── Stored data ──

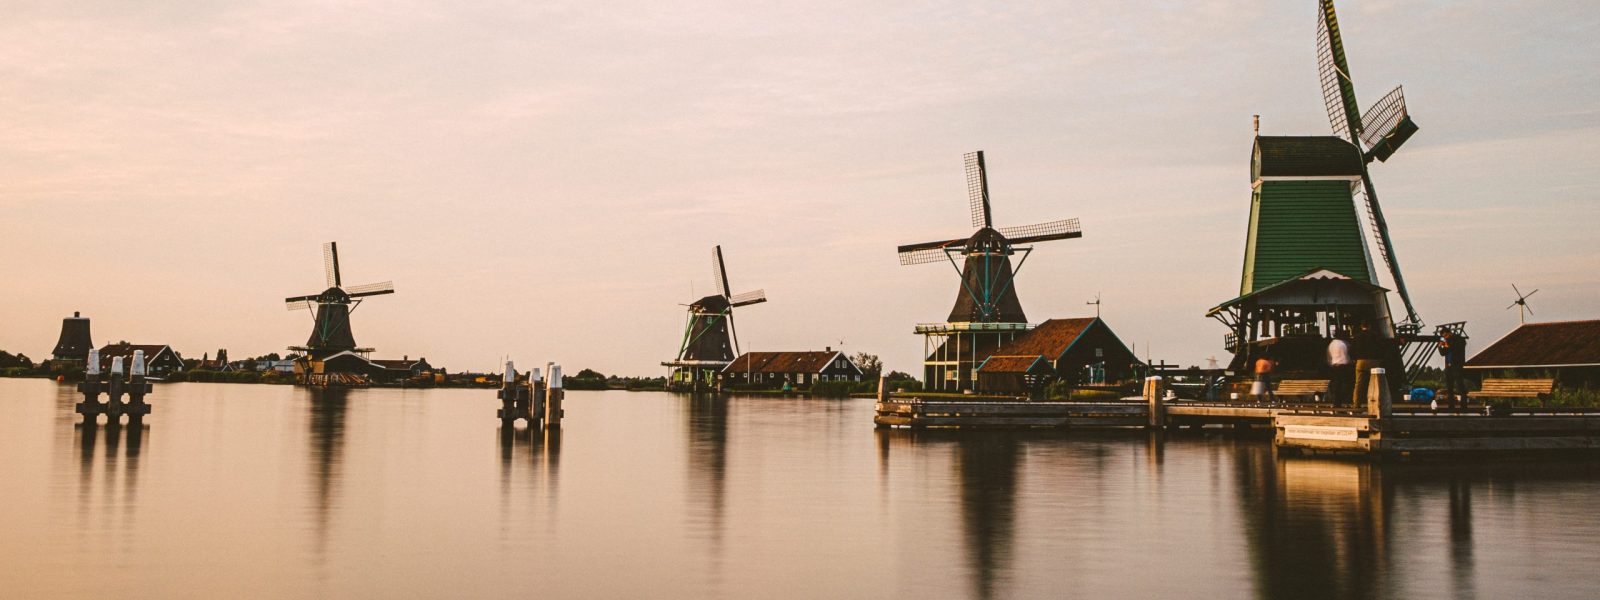 Best place to see windmills in the Netherlands: Kinderdijk or Zaanse Schans?
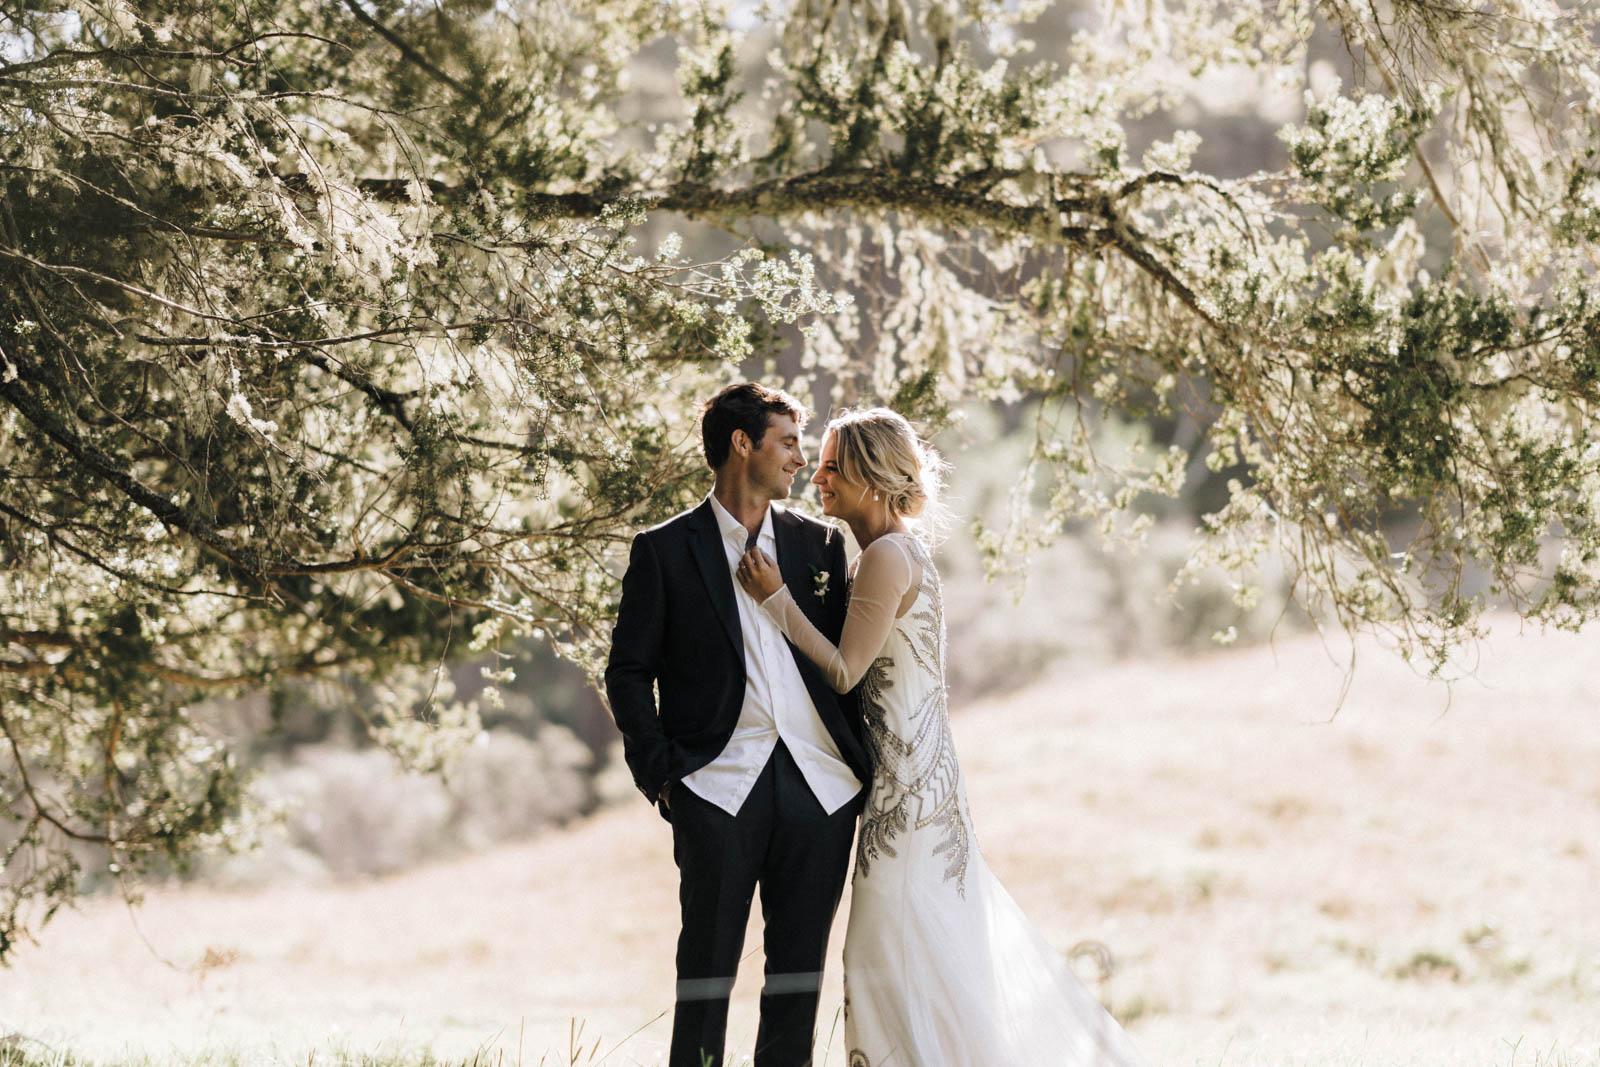 newfound-l-i-coromandel-wedding-photographer-1730-A9_03690
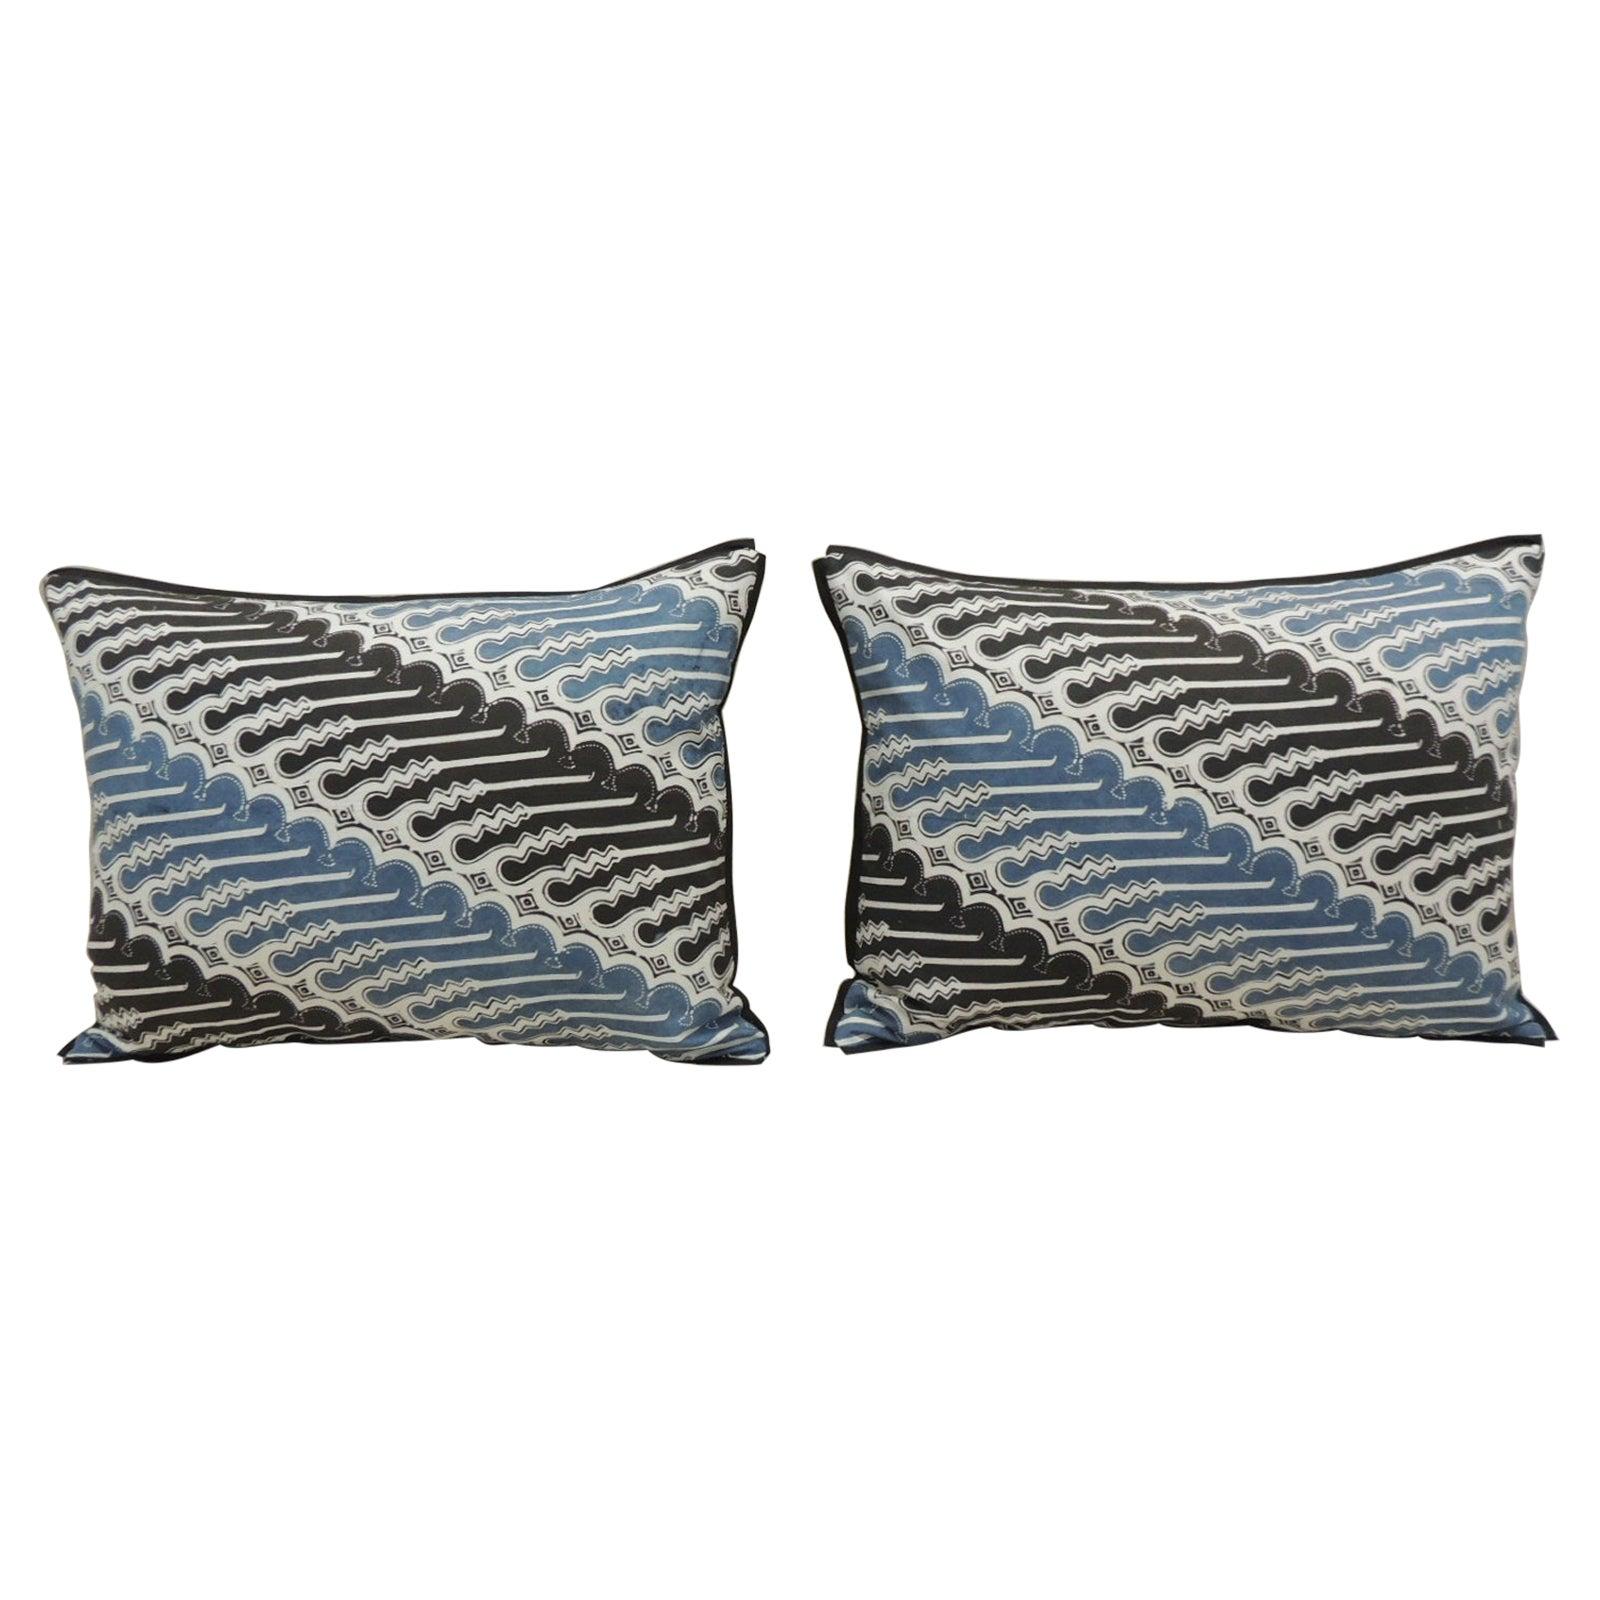 Pair of Vintage Blue and Black Hand-Blocked Batik Decorative Bolster Pillows

───

What you have to do:
Everything in the data above should be set down again exactly, except the pictures.

Written solution:
 Best place to see windmills in the Netherlands: Kinderdijk or Zaanse Schans?
 newfound-l-i-coromandel-wedding-photographer-1730-A9_03690
 Pair of Vintage Blue and Black Hand-Blocked Batik Decorative Bolster Pillows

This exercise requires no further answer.